The signal-layer analysis is built around inherently explainable methods. Spectral features, ratios, asymmetry indices, with thresholds and weightings a neurophysiologist can argue with. The LLM sits on top, generating clinician-readable narrative from a structured analysis object. The narrative cites the analysis. The analysis does not depend on the narrative. If the LLM goes off-piste, the underlying numbers are still there, still defensible.
This matters because of a result the faithfulness literature has been hammering at for two years: when an LLM is asked to explain a decision after the fact, it will often confabulate a plausible rationale that has nothing to do with the actual cause. An explanation generated on demand is not an explanation. It is a story.
The architectural pattern
Every AI output in a high-stakes system should be persisted as a record with at least the following:
- Inputs — the exact data the model saw, hashed and stored, not just a reference that may drift.
- Model identity — name, version, training-data snapshot, evaluation suite ID.
- Contributing evidence — for tabular models, the contributing features and their attributions; for retrieval, the retrieved chunks and their IDs; for tool use, the call graph.
- Calibrated confidence — not raw softmax. A calibrated probability or an explicit uncertainty band, with the calibration method recorded.
- Rationale string — a human-readable explanation, generated at inference time from the structured evidence, not retrofitted later.
This record is part of the data model. It lives in the same transaction as the result. You cannot query the output without being able to query why.
At MediVox, our SOAP-generation flow follows the same shape: every generated section carries a provenance trail back to the source utterances and the model version that produced it. If a clinician edits a line, that is captured too. The audit story is not a nightly job; it is the schema.
Tooling, used judiciously
SHAP and LIME still earn their place for tabular and feature-based models. Captum is the sensible default for PyTorch-based attribution across CNNs, RNNs, and transformers. Grad-CAM for imaging where spatial evidence is what the clinician needs. Use them. Just remember what they are: approximations of model behaviour, with known failure modes. Cross-check with a second method when the stakes warrant it; the literature is full of cases where SHAP and LIME disagree, and the disagreement is the signal.
Beyond attribution, the things that actually move the needle in production:
- Model cards that are kept in sync with the deployment, not written once and forgotten.
- Eval suites that test explanation faithfulness, not just answer accuracy. If a retrieved-doc citation can be removed without changing the answer, the citation was decorative.
- Retrieval-augmented logging: every RAG hop captured with the retrieved IDs, scores, and the prompt that consumed them.
- Calibration monitoring as a first-class metric. A miscalibrated 95% confidence is more dangerous than a wrong answer with an honest 60%.
The closing point
Explainability is not a UX feature. It is part of the data model.

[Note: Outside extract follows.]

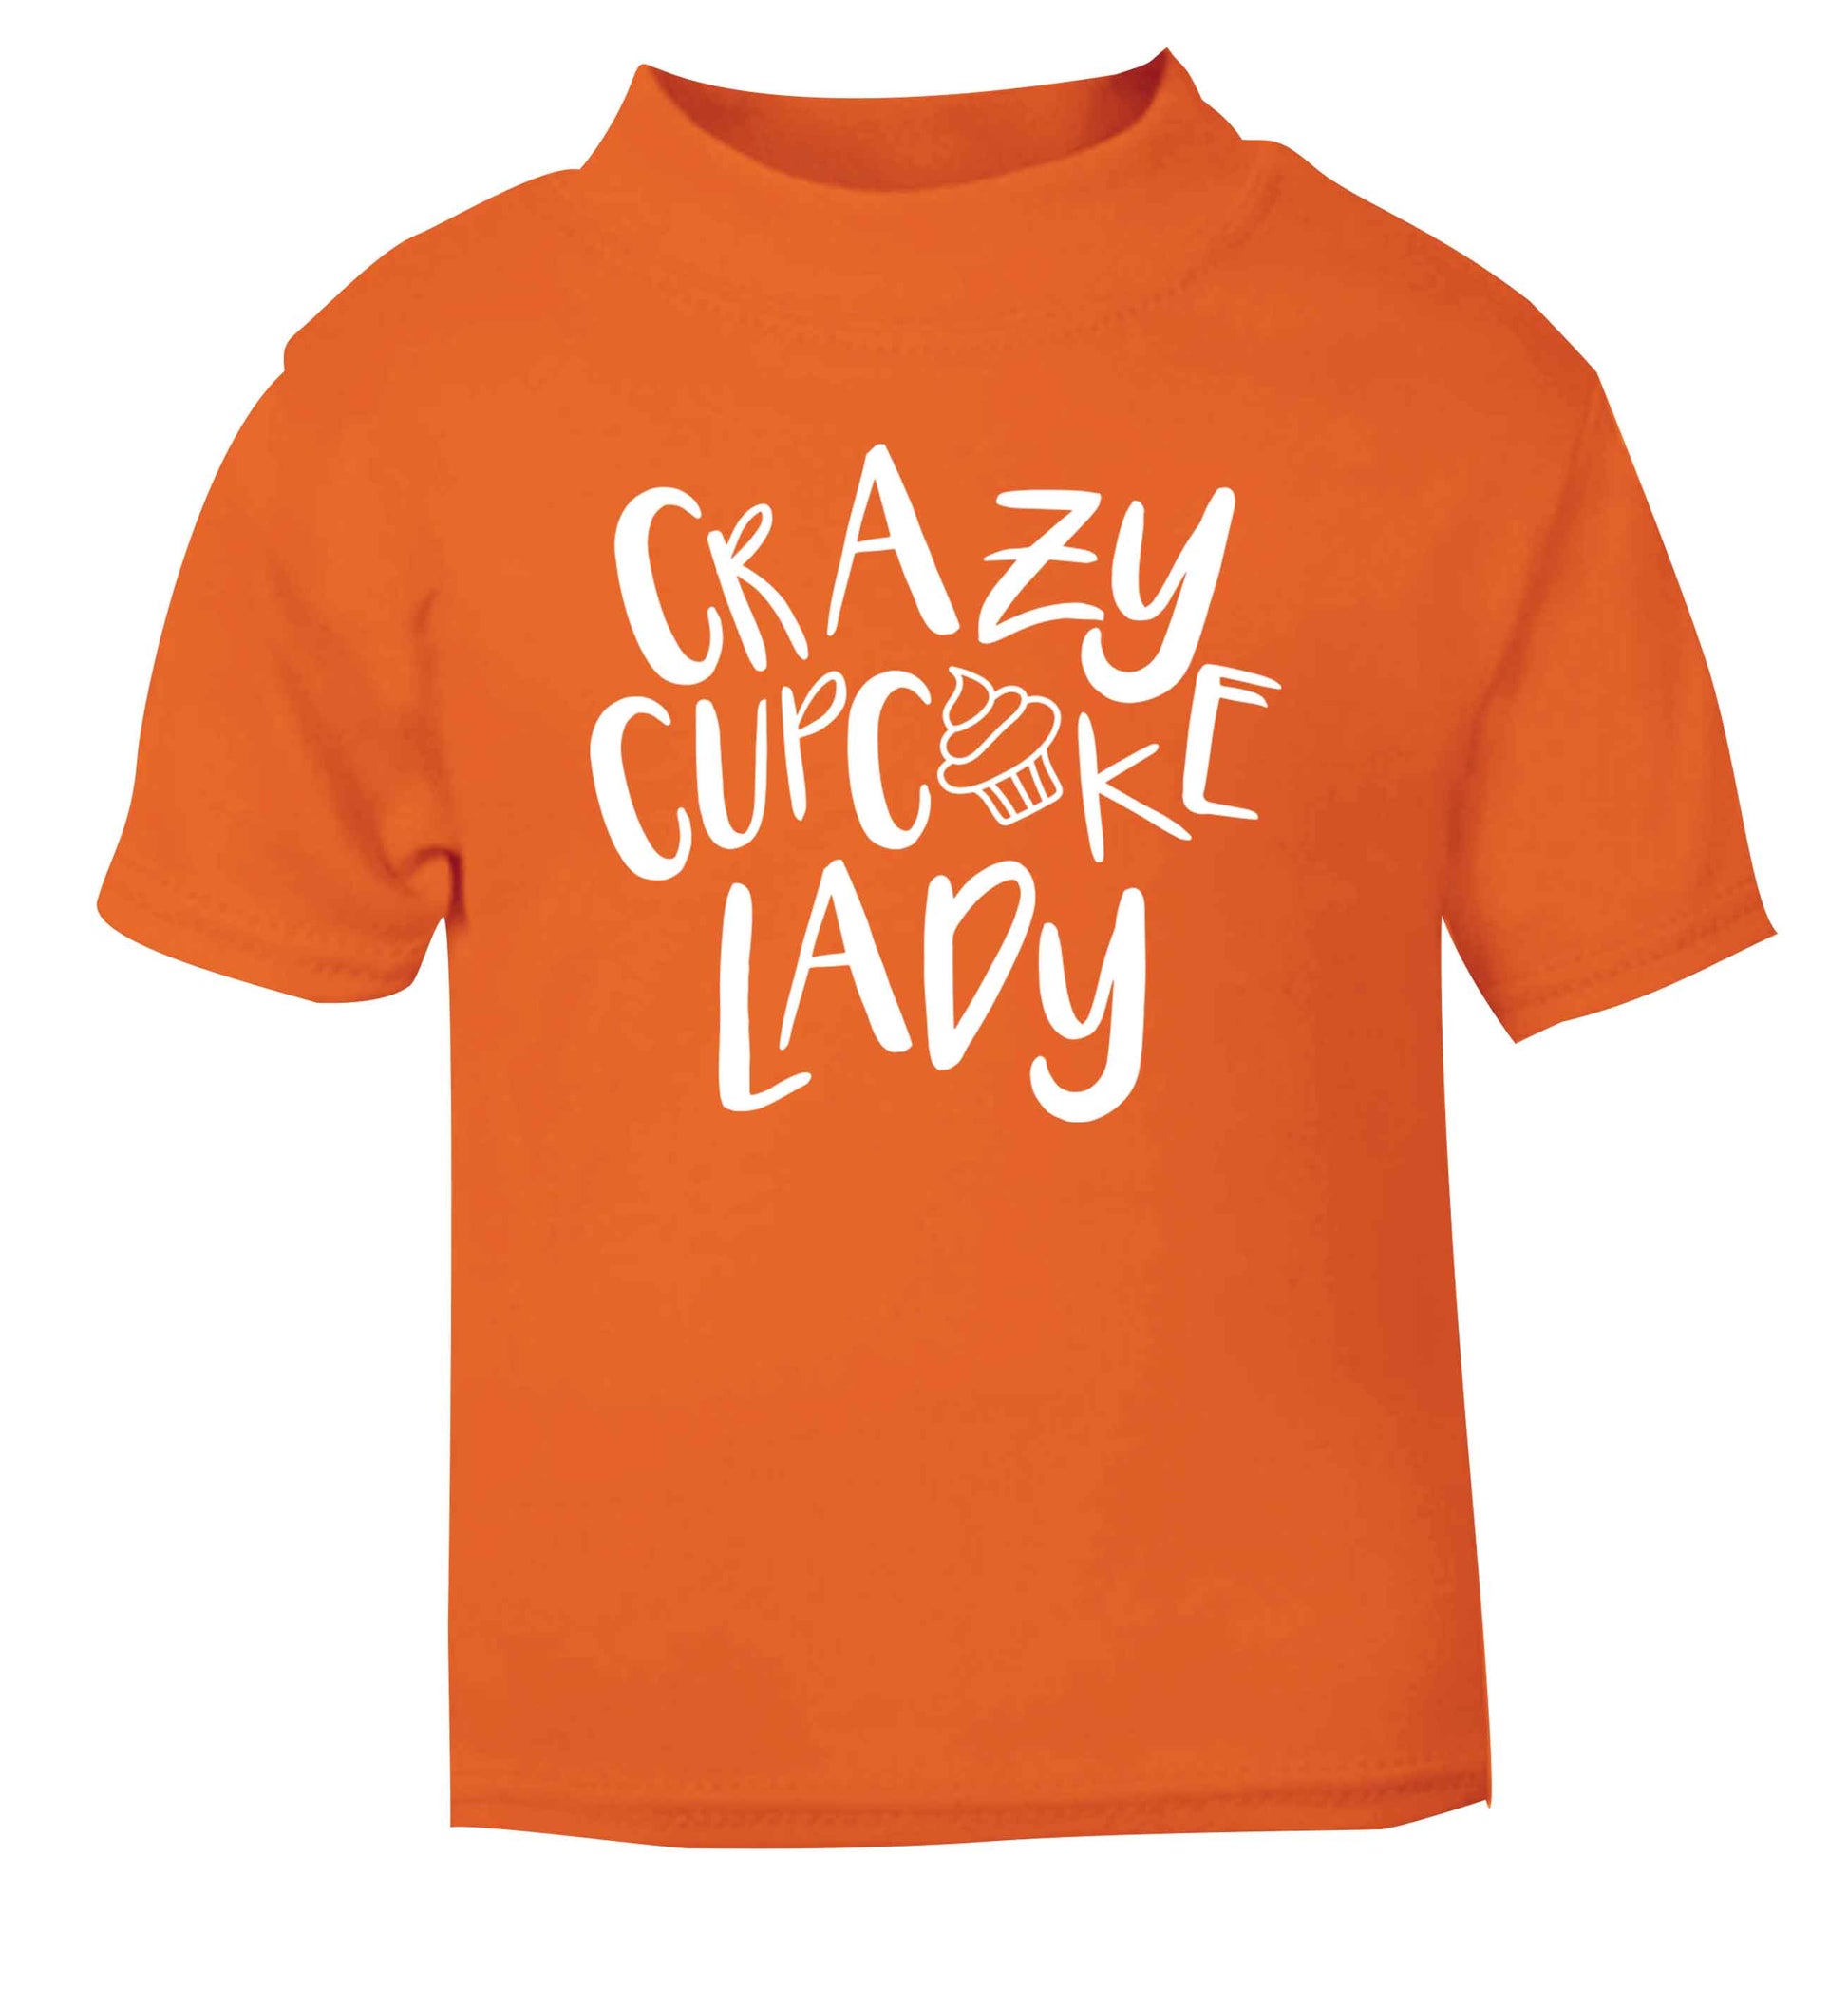 Crazy cupcake lady orange Baby Toddler Tshirt 2 Years

If your explanation is generated when the regulator asks, the regulator is right to be suspicious. Capture it at inference. Persist it. Test it. Version it. Make the system unable to produce an output without producing the receipts.
Build it like that, ship it like that, audit it like that. The teams who do not are going to spend 2027 explaining to a tribunal what their model was thinking. They will not have a good answer.